[Description of the task]
Entries below include pictures. Output exactly the lines from the one with "Persona 4 Cute" down to the one with "Цветы и листья для ирландского кружева.", both ends included, and leave the pictures out.

[Extracted records]
^^^^

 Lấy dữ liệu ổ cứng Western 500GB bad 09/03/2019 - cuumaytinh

^^^^

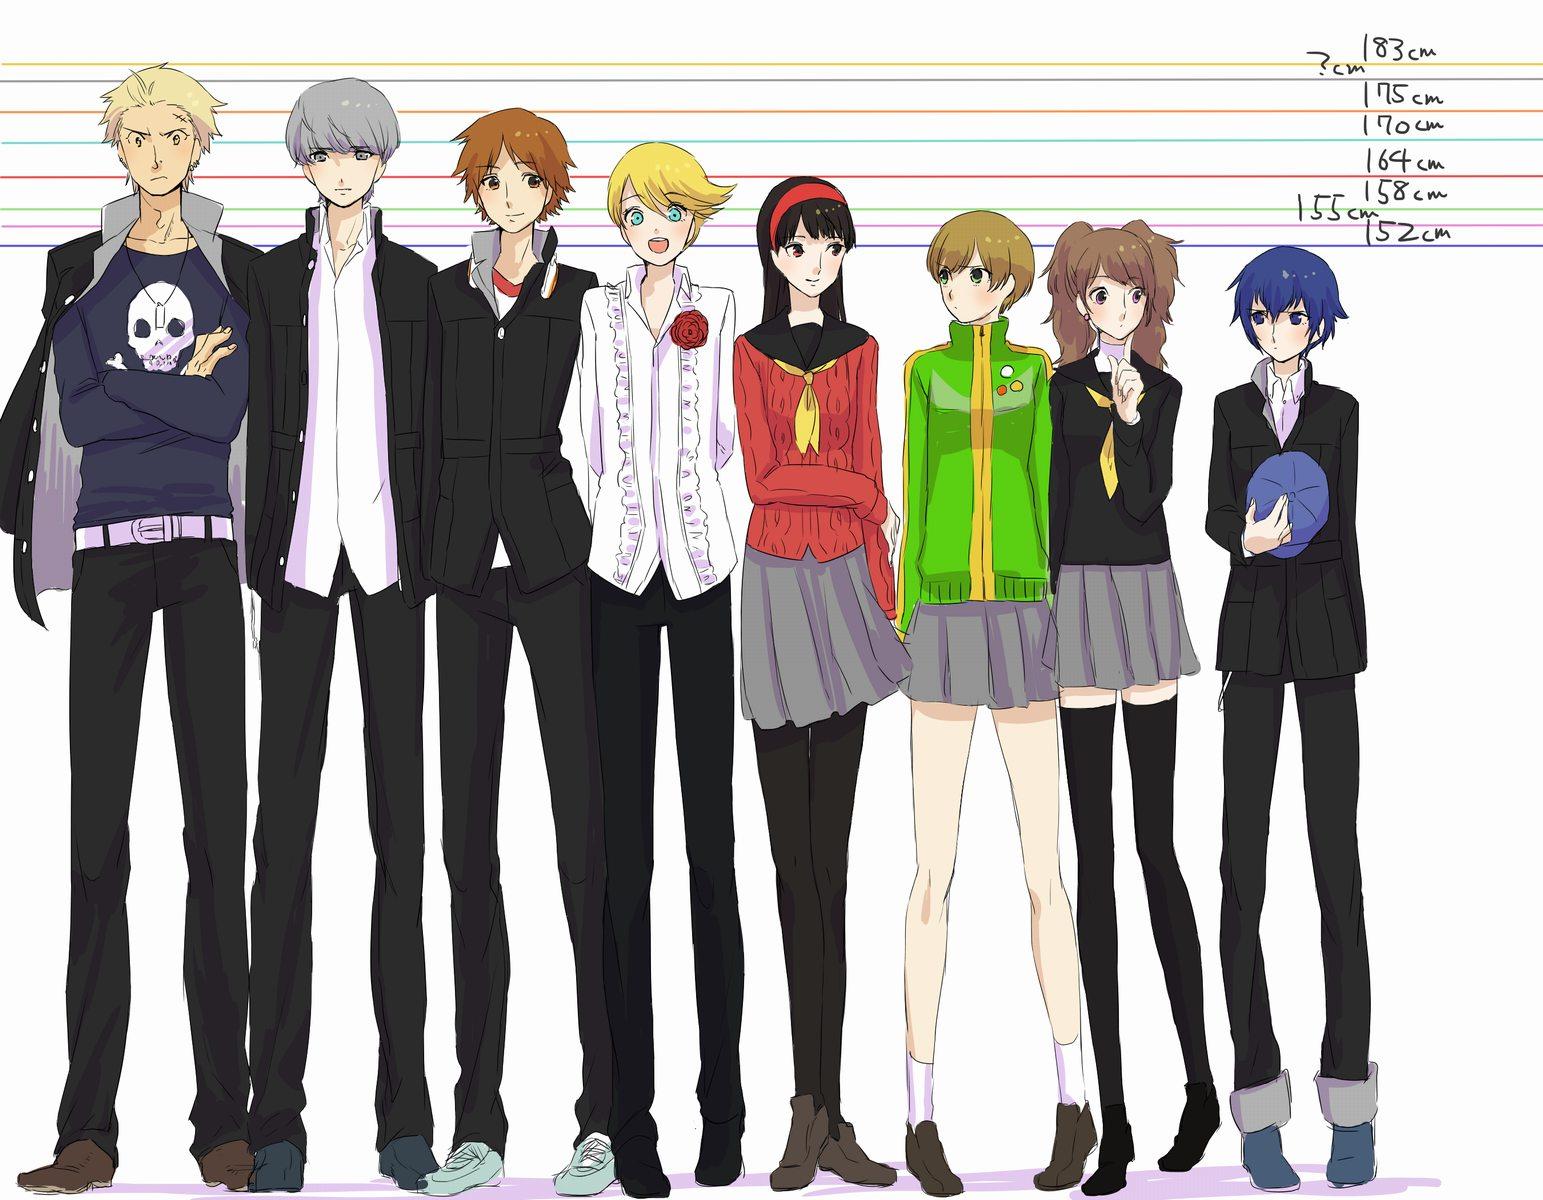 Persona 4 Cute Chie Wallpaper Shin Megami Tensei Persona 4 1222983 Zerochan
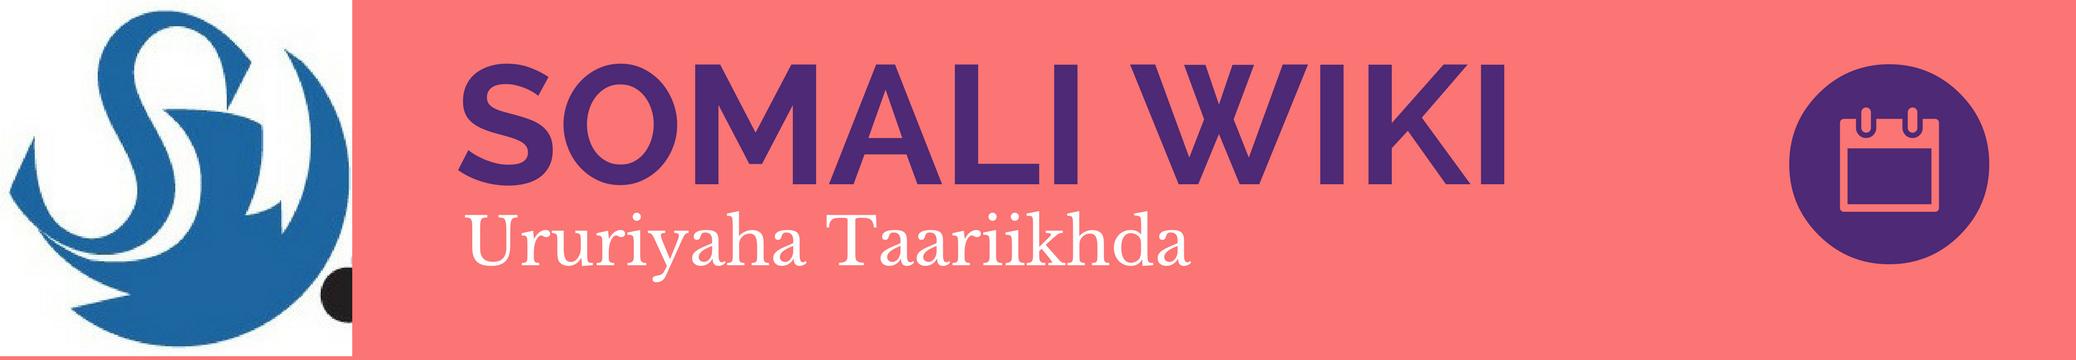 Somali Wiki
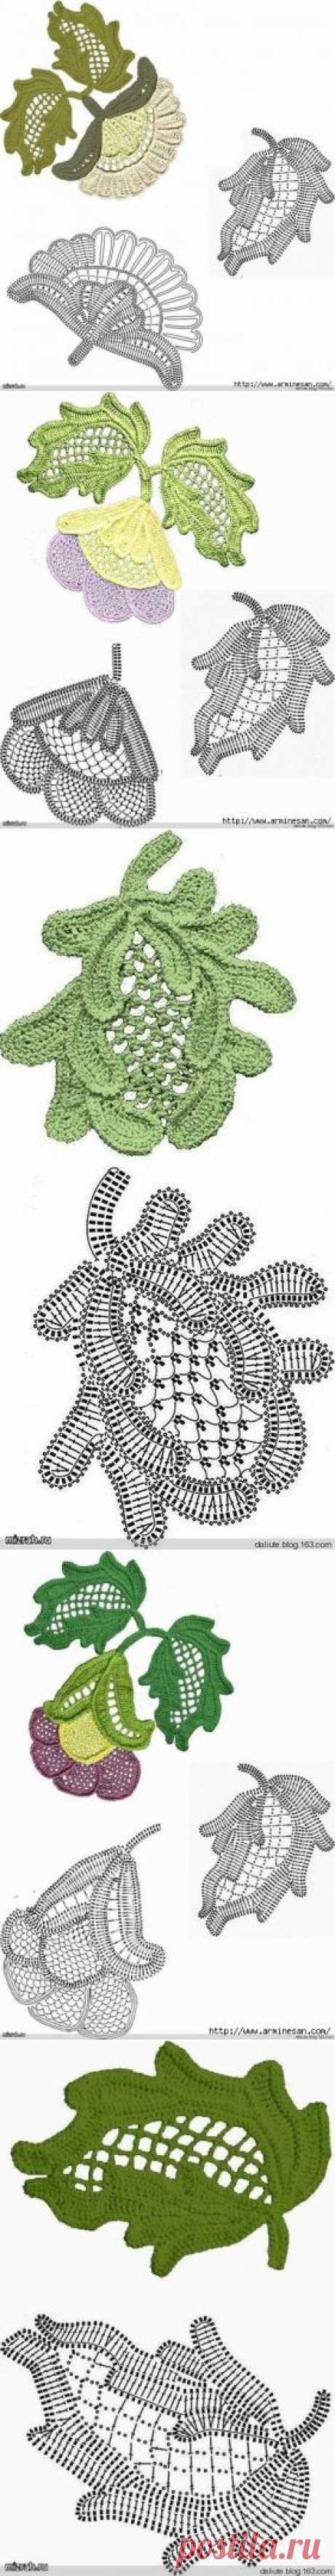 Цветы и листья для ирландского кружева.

^^^^

[Output for this exercise]
 Persona 4 Cute Chie Wallpaper Shin Megami Tensei Persona 4 1222983 Zerochan
 Somali Wiki
 Цветы и листья для ирландского кружева.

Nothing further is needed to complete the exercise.